What does this have to do with wine you may be asking yourself?
A similar question popped into my head while I was going over my German grape varieties for an upcoming WSET Level 3 class I taught this weekend.
“What does it take for new crosses to become classic varieties?”
Germany has quite a few crossed varieties that make up some of the top 5 varieties grown there. They include Muller-Thurgau, a variety crossed in 1882 by Dr Hermann Muller (born in Thurgau), which is Riesling crossed with Madeleine Royal (a table grape) and Dornfelder bred in 1956 by August Herold a cross of Helfensteiner and Heroldrebe (an earlier cross by the same breeder). None of these are widely considered to be great varieties on the global scale. Germany’s greatest variety, Riesling, has not yet reached the masses the way some of us Riesling lovers would have liked it to. Jancis Robinson recently commented on this in one recent post.
That makes me wonder, if Riesling can’t catch on then what chance do any of the “new” varieties have?
Let’s face it. According to Carole Meredith’s DNA research at UC Davis, Cabernet Sauvignon was a chance crossing of Sauvignon Blanc and Cabernet Franc likely sometime in the 17th century. It took close to 400 years for Cabernet to become the king that it is. That’s not exactly a rapid rise to fame but if one was to graph acres planted over those 400 years, the exponential growth that Cab has seen over the past 50 year probably made the previous 350 look like a flat line.
So does this mean that if a new cross really looked like it had potential, it would be embraced faster than an already existing variety? It is possible but I would be highly skeptical. I think a bias exists against new varieties, particularly those that may be unfortunate enough to be called “hybrids”, meaning a cross of a Vitis vinifera with a non vinifera. I would like to believe that the wine community would have an open mind when it comes to trying out these varieties but deep down, I don’t think that is the case.
My Alma Mater, Cornell, has been churning out new and improved varieties for many decades but none of them have a very wide appreciation in the winemaking community. See all of them here. All bred to be easier to grow, deeper color, more resistant to fungal infections. Who wouldn’t want to plant a vine that they didn’t have to worry about spraying? It would make Organic viticulture so much easier, particularly in humid environments.
But does it make as good quality as our existing varieties? I think it is highly unlikely that growers in what we consider classic wine regions would try out some of these new varieties. Why, you ask? It’s supply and demand. There is no demand for varieties that consumers have never heard about. Sommeliers, even though most are looking for new and different, are not clamoring for the newest varieties on the scene. The rise now is among traditional varieties native to their mother countries that have been lost for ages but are now being resurrected by growers wanting to salvage the remaining remnants of their viticultural history. A noble effort and one which should not be discounted but does this also hold true for the native grapes of the US? I don’t think so, because they are not vinifera species as the European varieties are.
At some point in wine history the “classic” international varieties were established. I’m not going to venture a guess as to when exactly, but it happened. After that point no other varieties are likely to rise to the global greatness that Cabernet or Chardonnay have enjoyed since. Like the number of books in the bible, the door has been closed and it is unlikely that it will be opened again. This ventures the question as to why we keep trying to breed new varieties? I suppose it is in search of the elusive variety that makes vinifera quality wine with better resistance to disease resulting in less chemicals sprayed. It is a noble cause but one with innumerable failures before seeing success.
Or perhaps the future does not lie in global powerhouse varieties but in sparingly planted regionally specialized varieties similar to craft spirits and craft beer that the interested consumer can seek out. An exceptionally niche industry led by the “ABC movement” (Anything but Chardonnay) driving customers to the new and different. In that case, breed away grape breeders. The future may be brighter than I can imagine. I hope so.

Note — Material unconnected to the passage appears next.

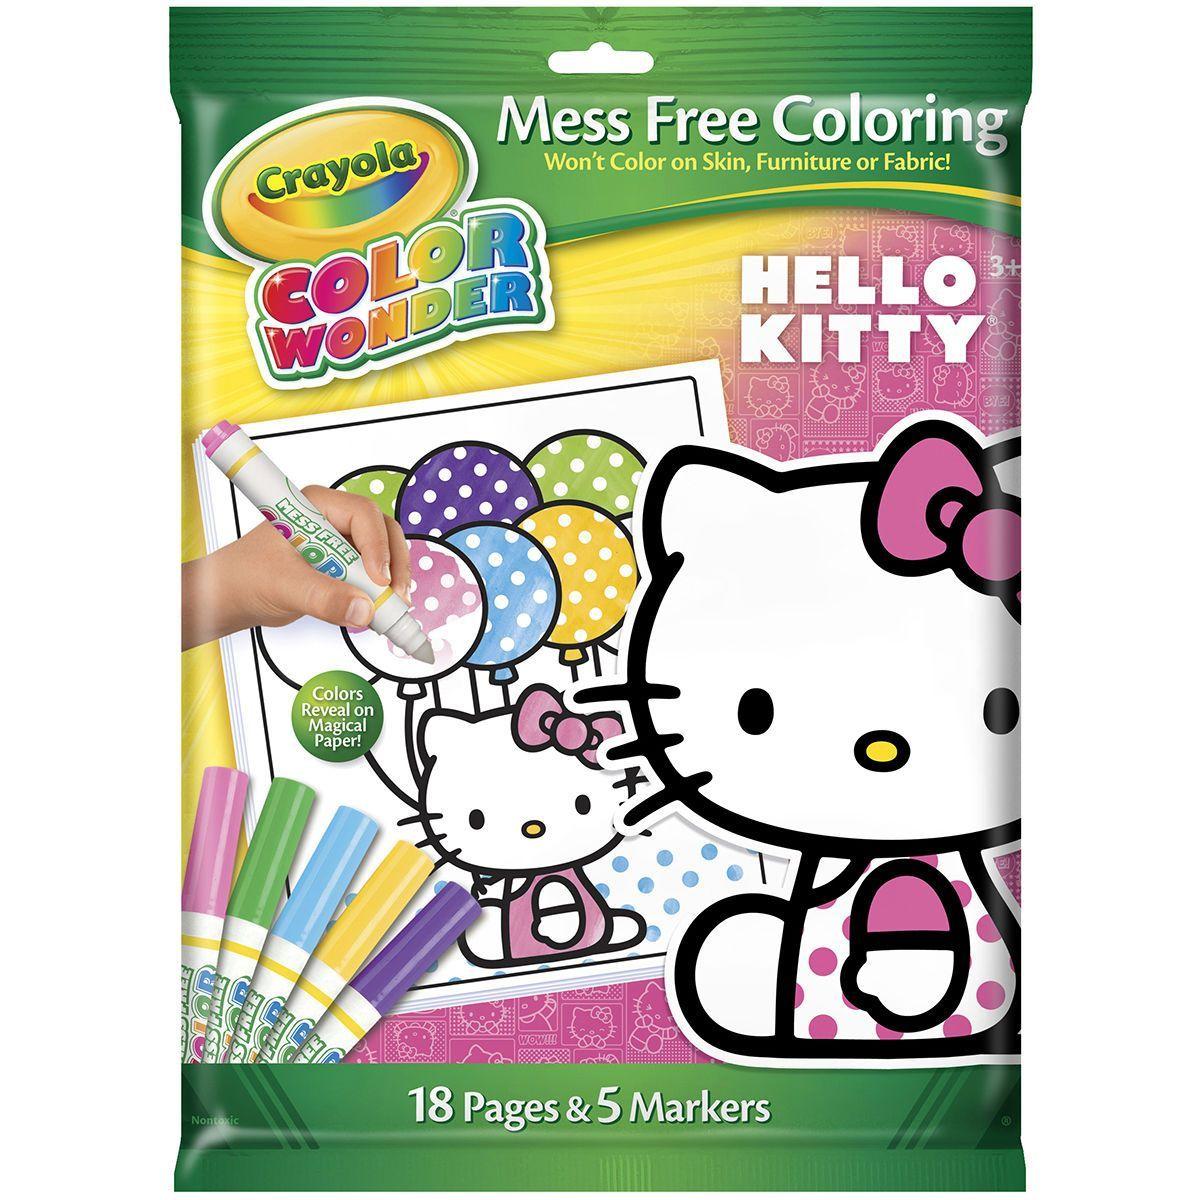 Crayola Color Wonder Mess Free Coloring Kit Hello Kitty Jo Ann Hello Kitty Coloring Color Wonder Hello Kitty Themes
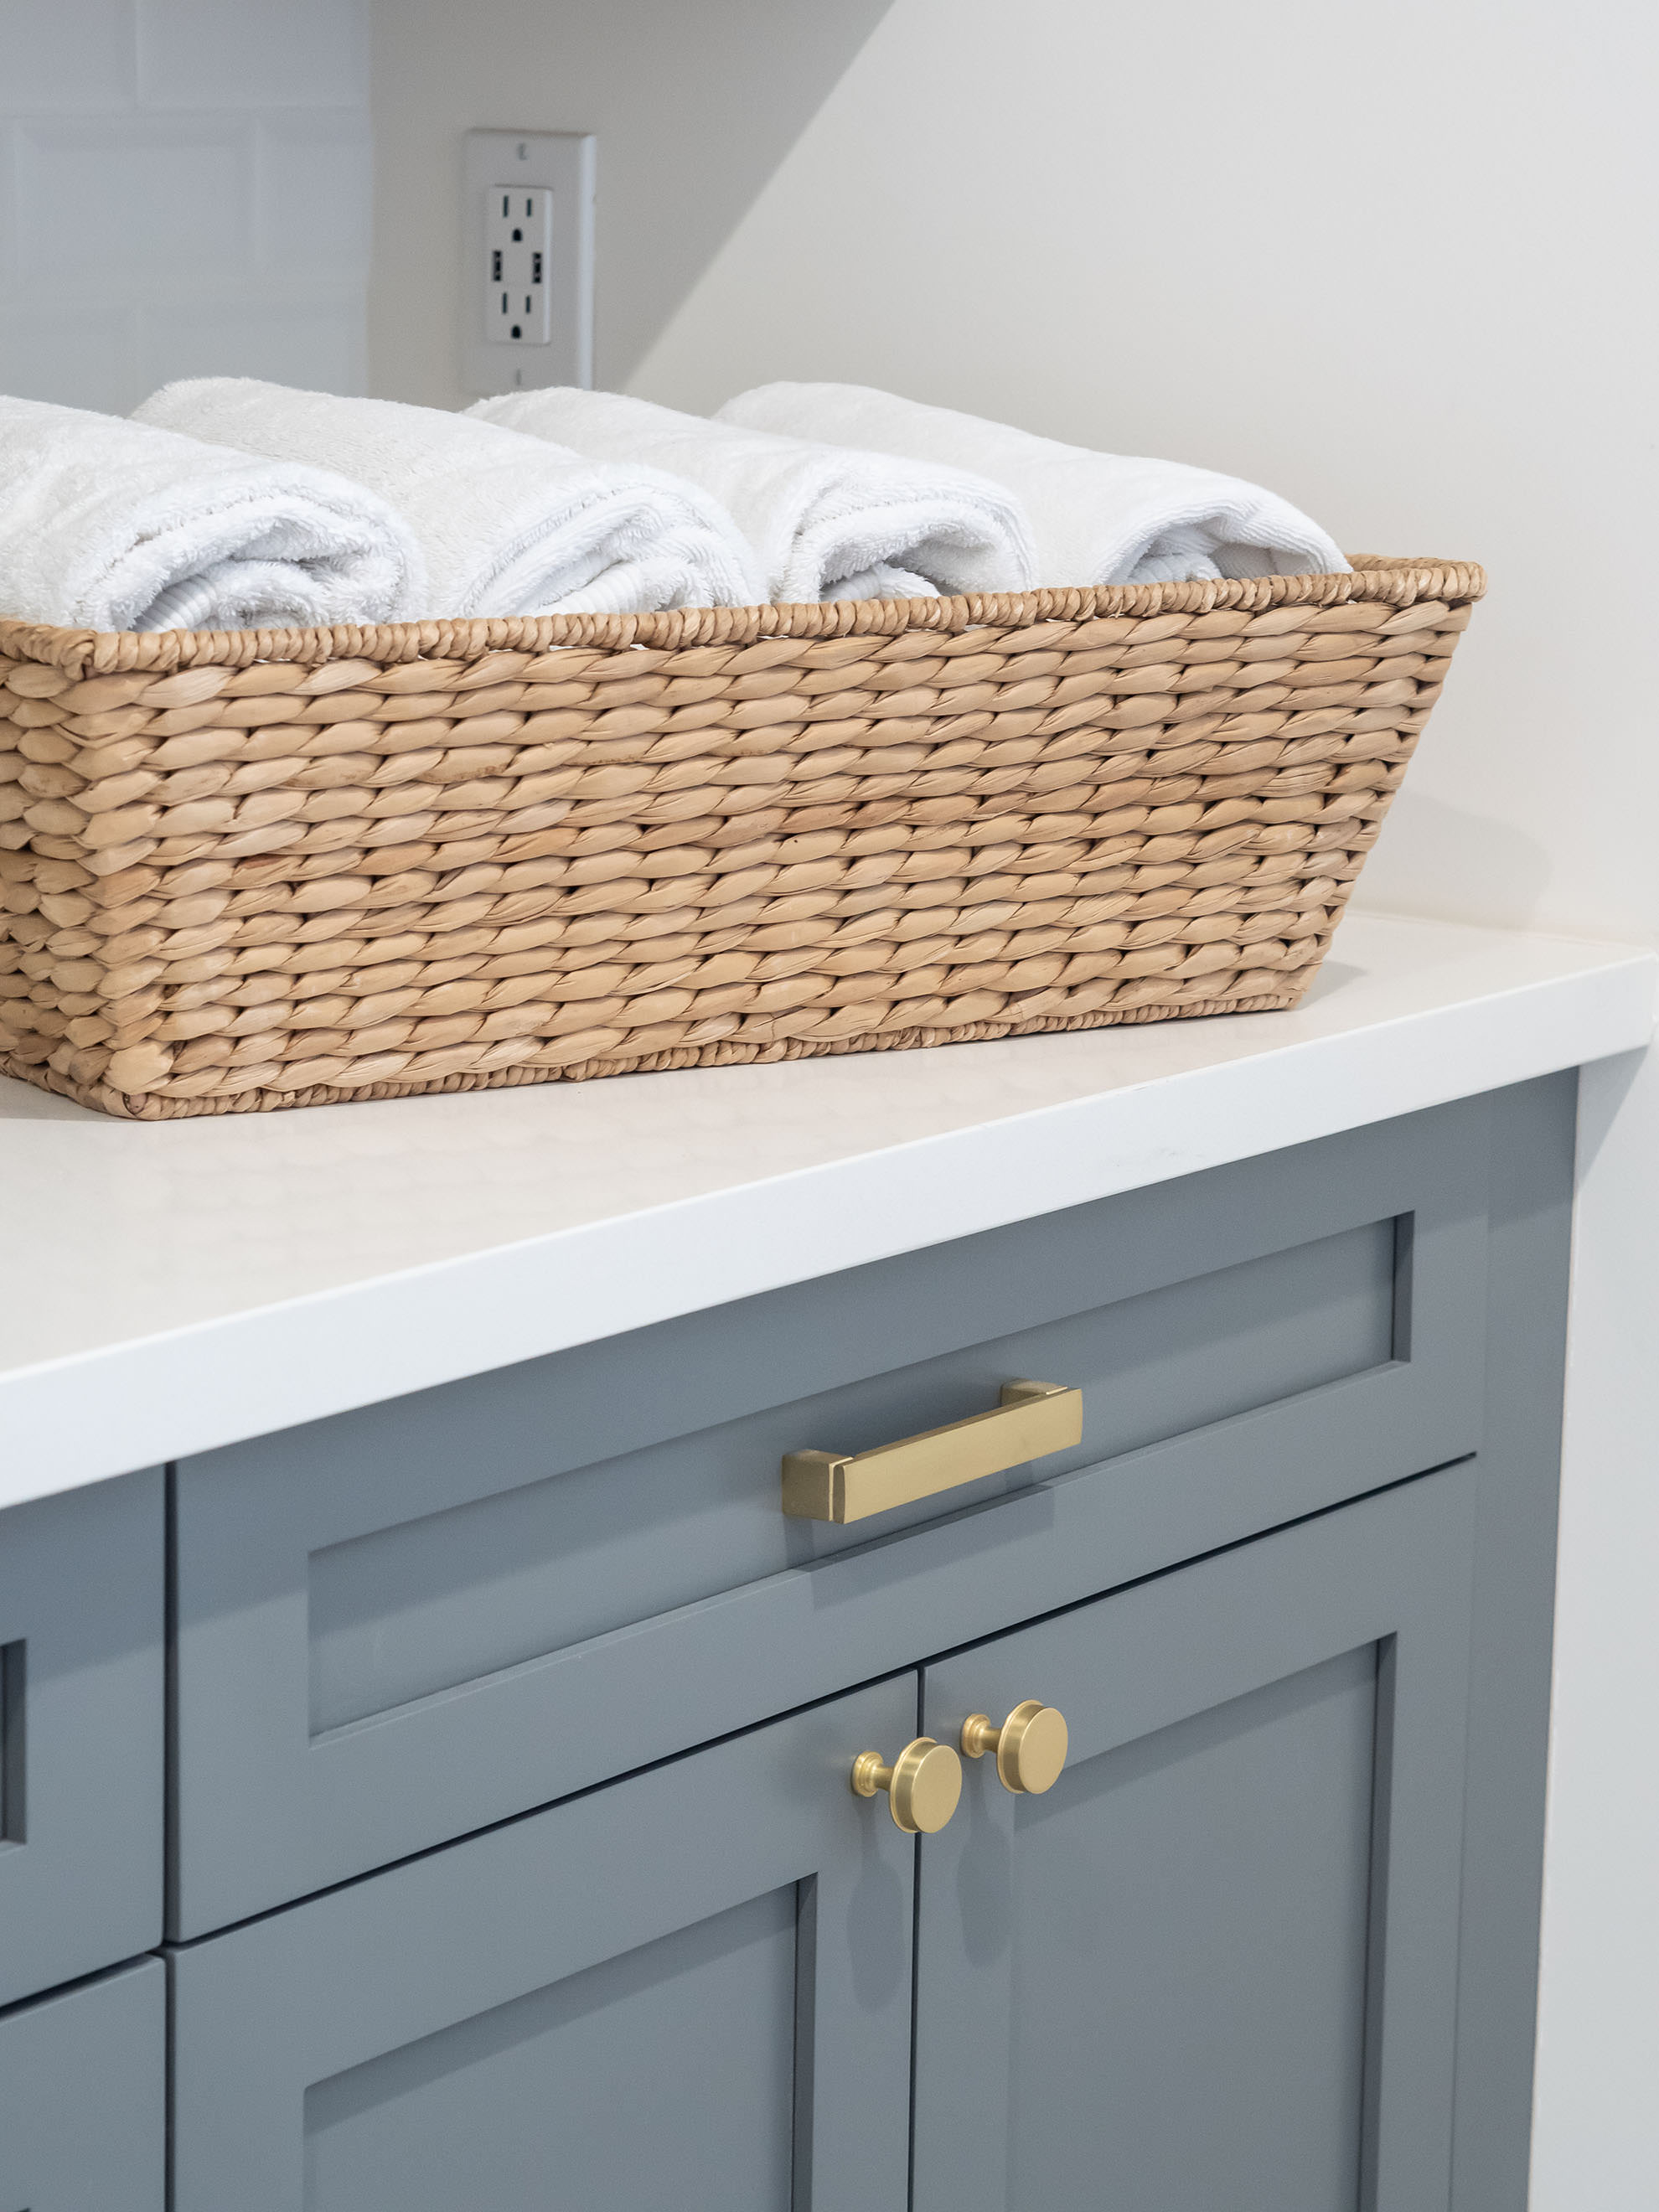 tnd-laundry-1010115.jpg

What do you think it would take for new varieties to become widely accepted?

Six California’s and What that Would Mean to Wine

There is a movement currently to break the state of California into six separate states. Read more about the plan here. I could see some positives to the plan such as bringing law creation to a smaller group of people. Let’s face it what works for Napa doesn’t always work for San Diego and bringing this hugely fragmented demographic into agreement takes equally huge amounts of negotiation.  I highly doubt that this will get much farther than it already has but it definitely got my wheels turning thinking about the consequences of such a movement on our industry.  If one only considers the ramifications to the wine industry one quickly realizes the impossibility of this plan.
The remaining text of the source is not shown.